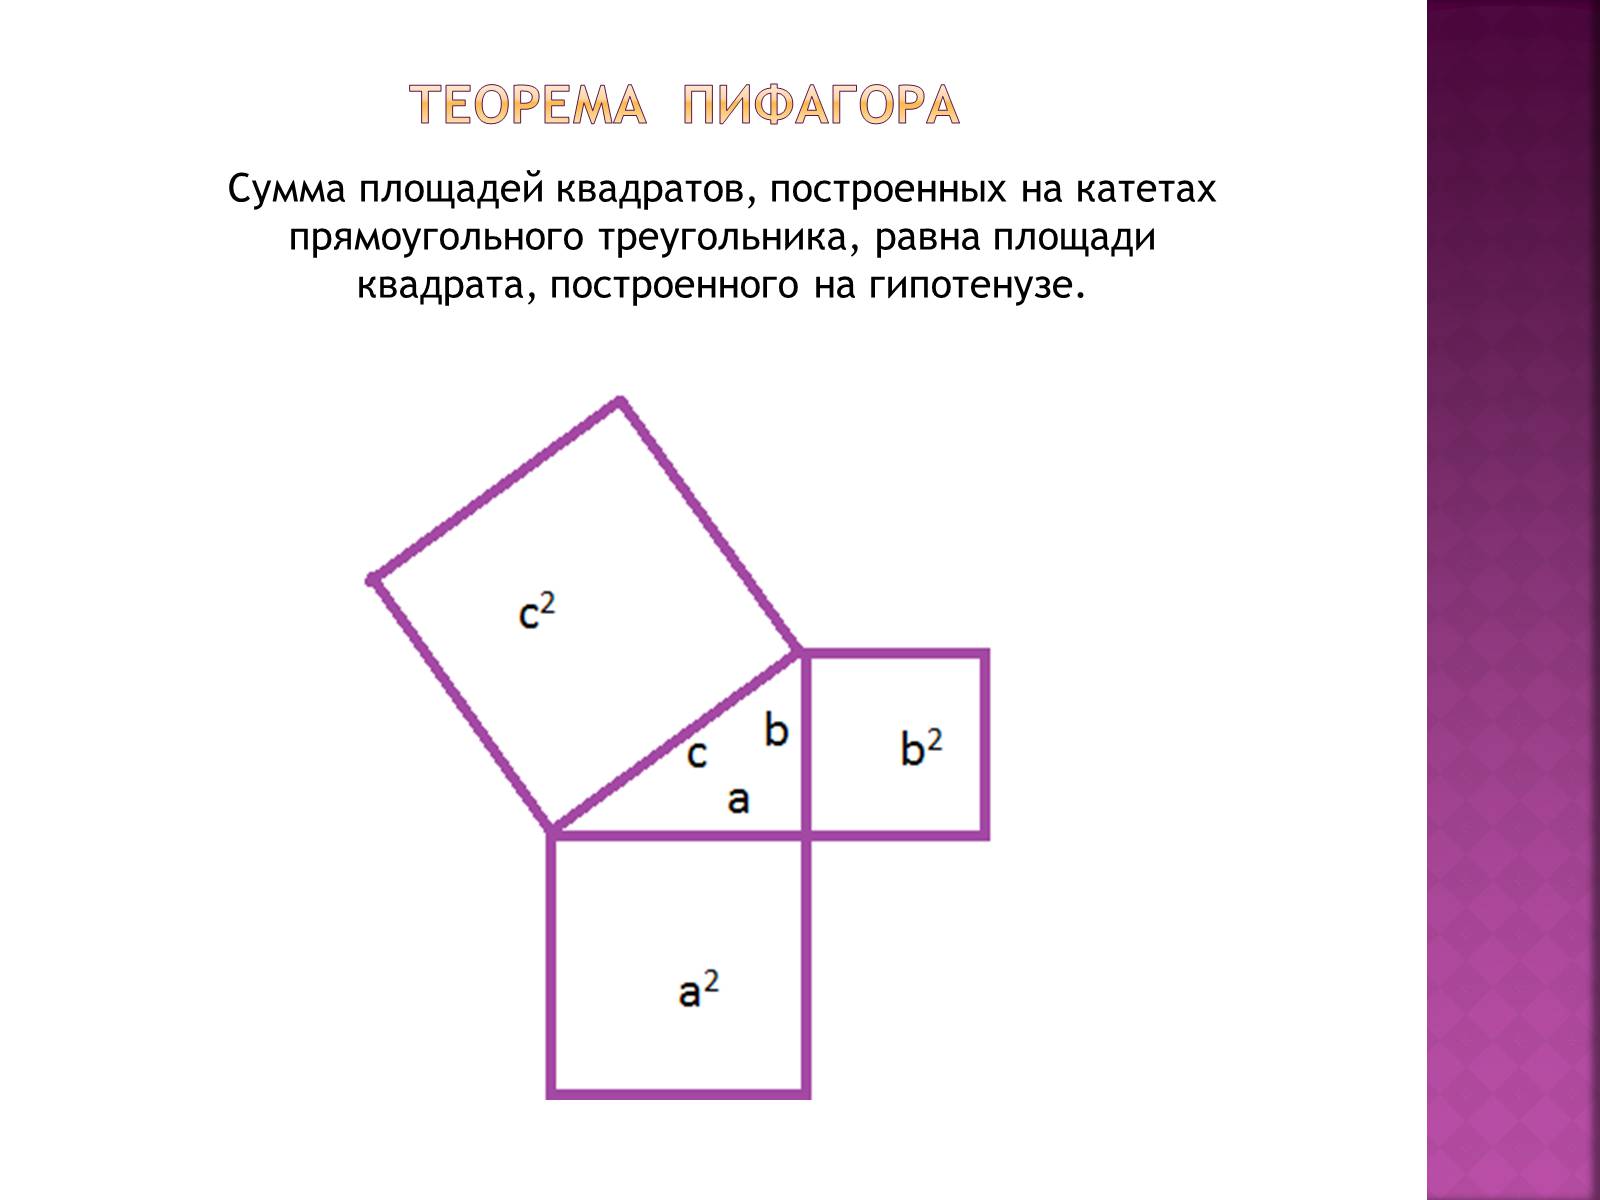 Сумма площадей квадратов
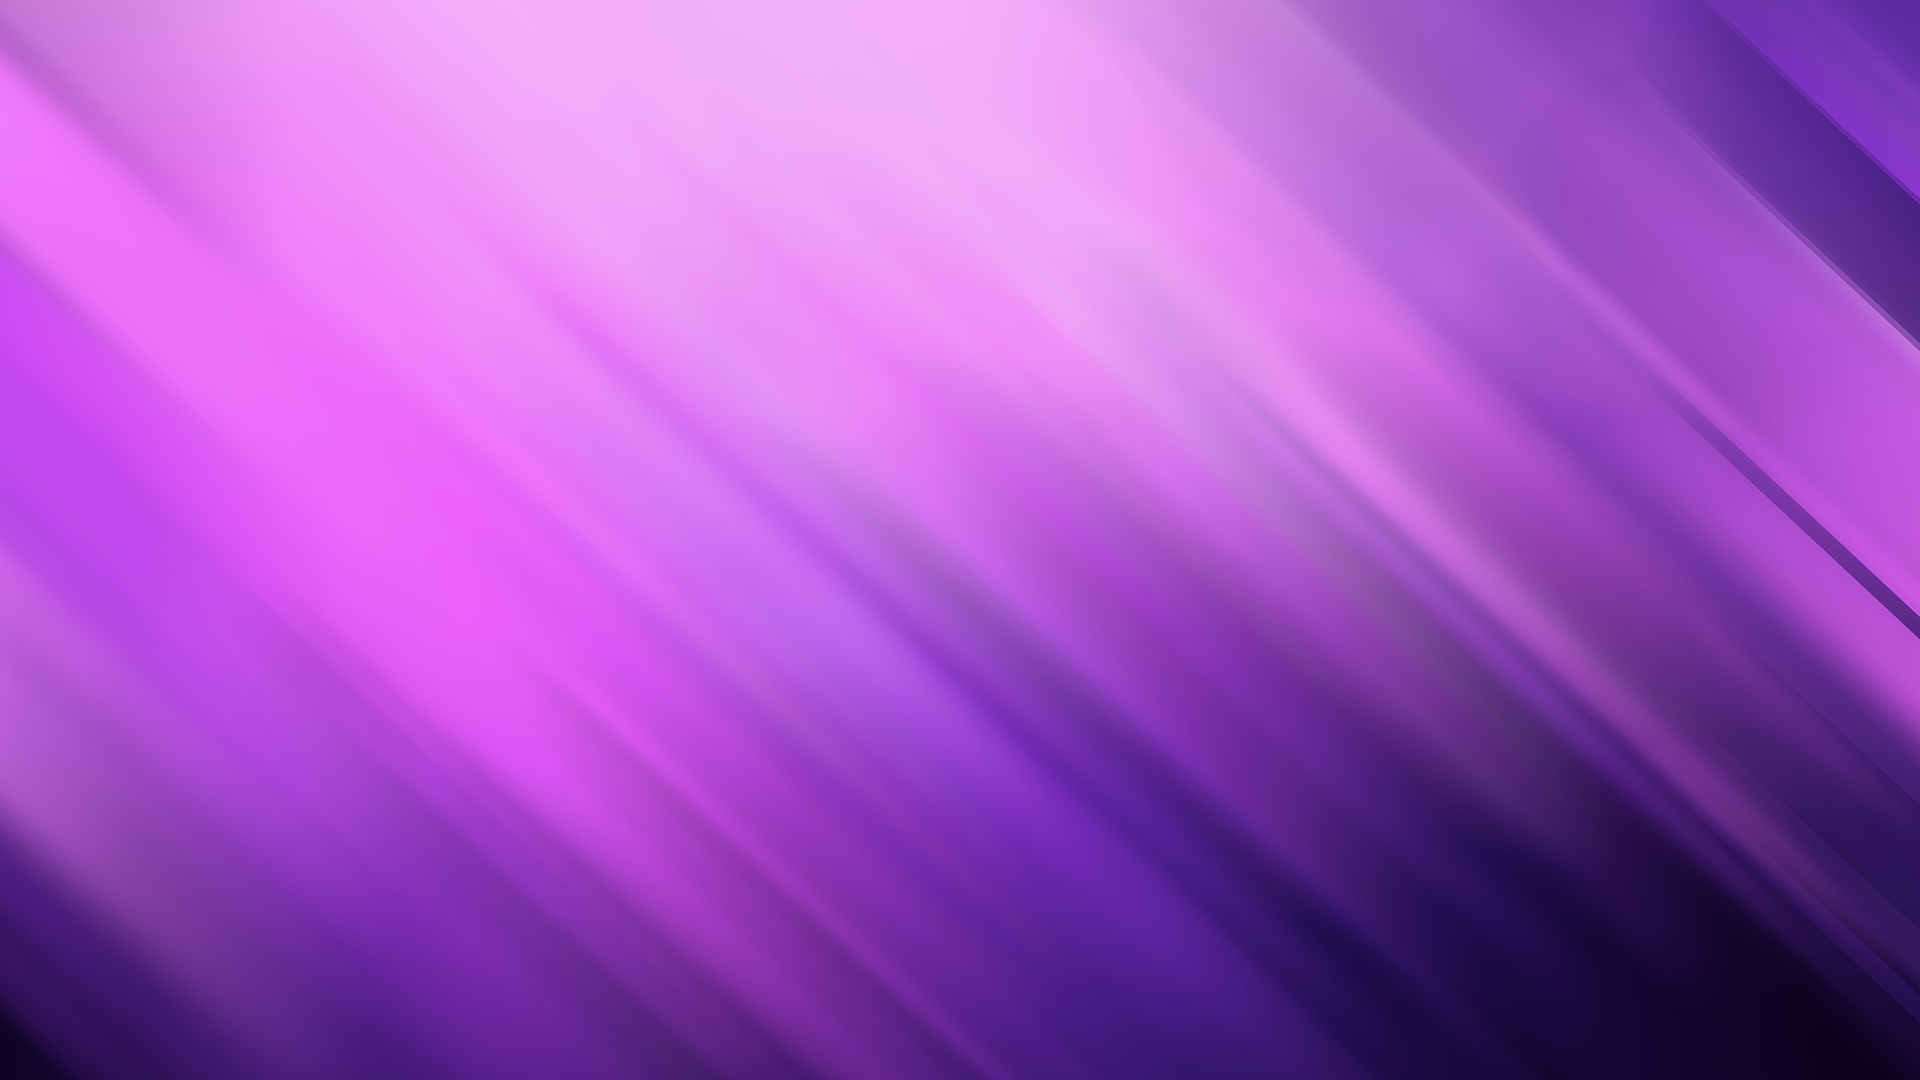 HD Minimalist Purple Wallpaper For Mac and Windows by thaomaoh on DeviantArt
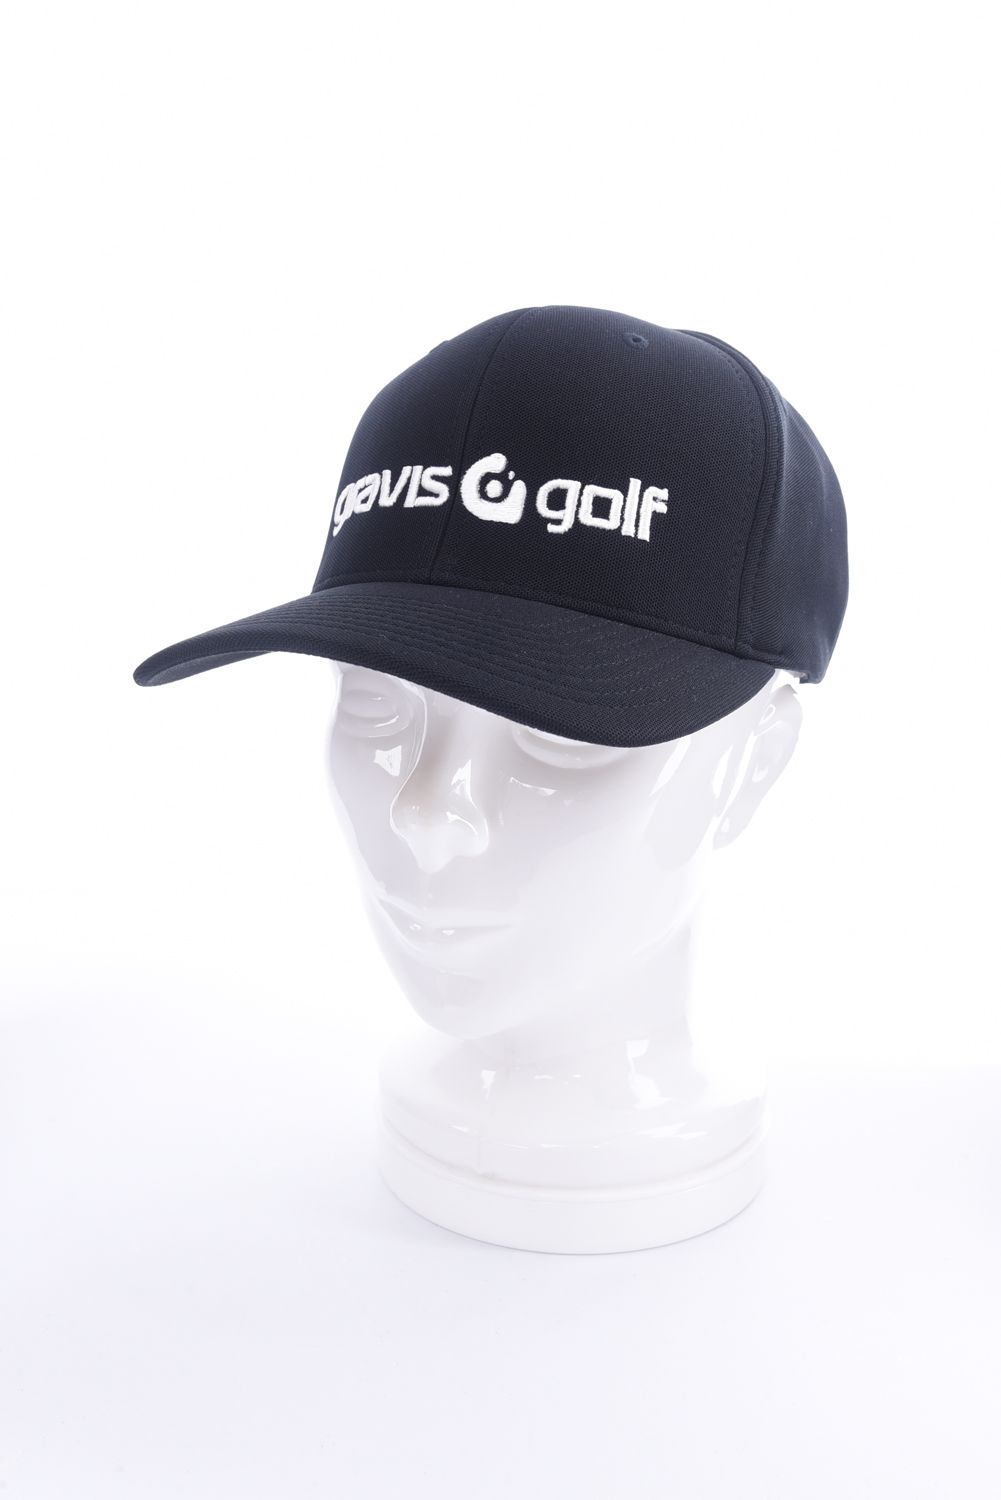 gravis golf - G-ICON FITTED CAP / ブランドロゴ刺繍 キャップ ...
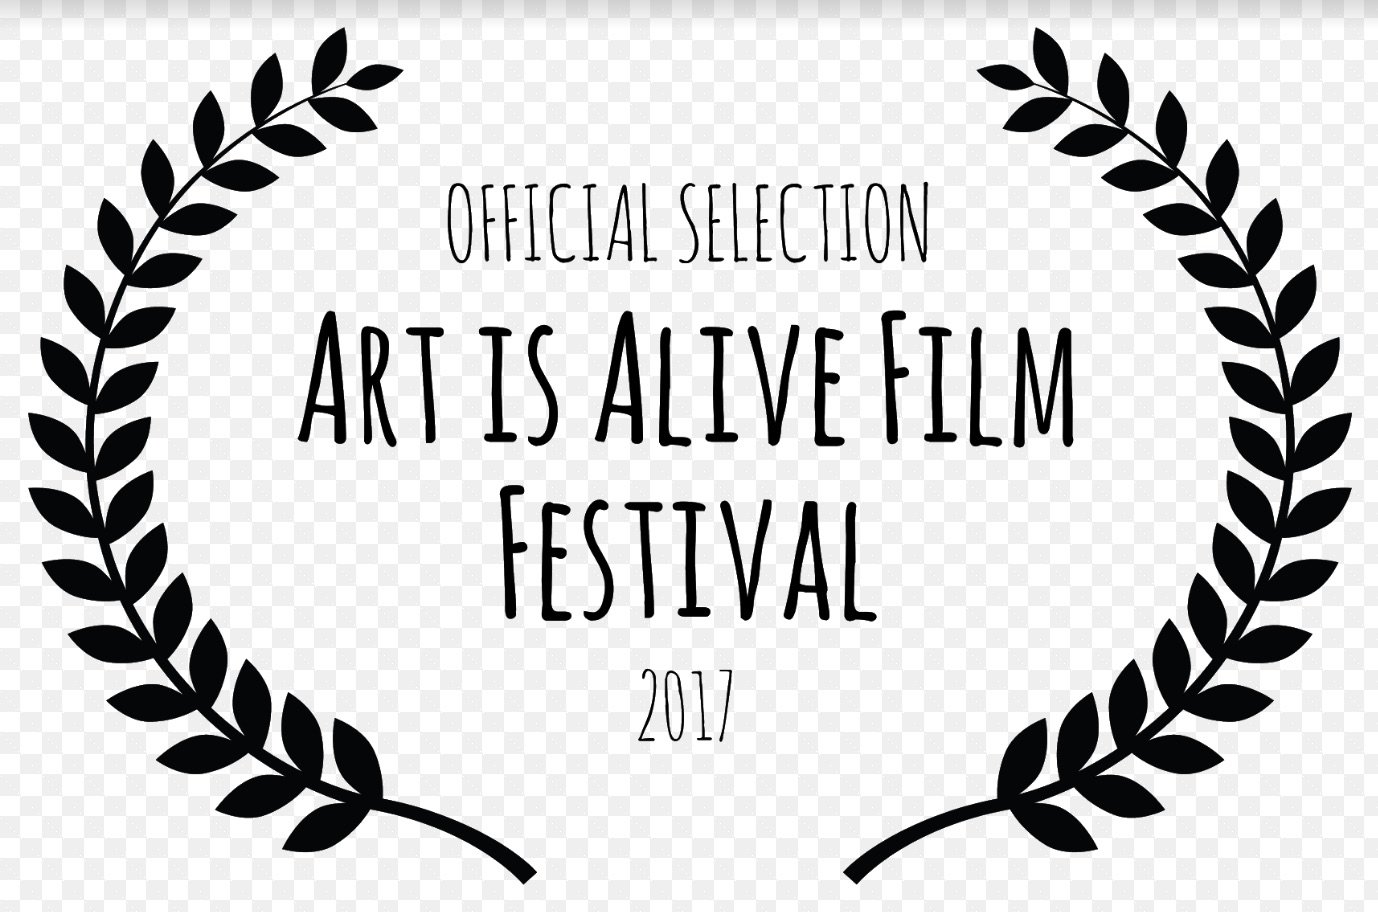 art-is-alive-film-festival-official-selection.jpg

**WORK INSTRUCTIONS**
Write the lines from the one containing "HD Minimalist Purple" through the end of the data above exactly as they appear, and do not carry over any picture.

**ANSWER TO THIS PROBLEM**
 HD Minimalist Purple Wallpaper For Mac and Windows by thaomaoh on DeviantArt
 gravis golf - G-ICON FITTED CAP / ブランドロゴ刺繍 キャップ ...
 art-is-alive-film-festival-official-selection.jpg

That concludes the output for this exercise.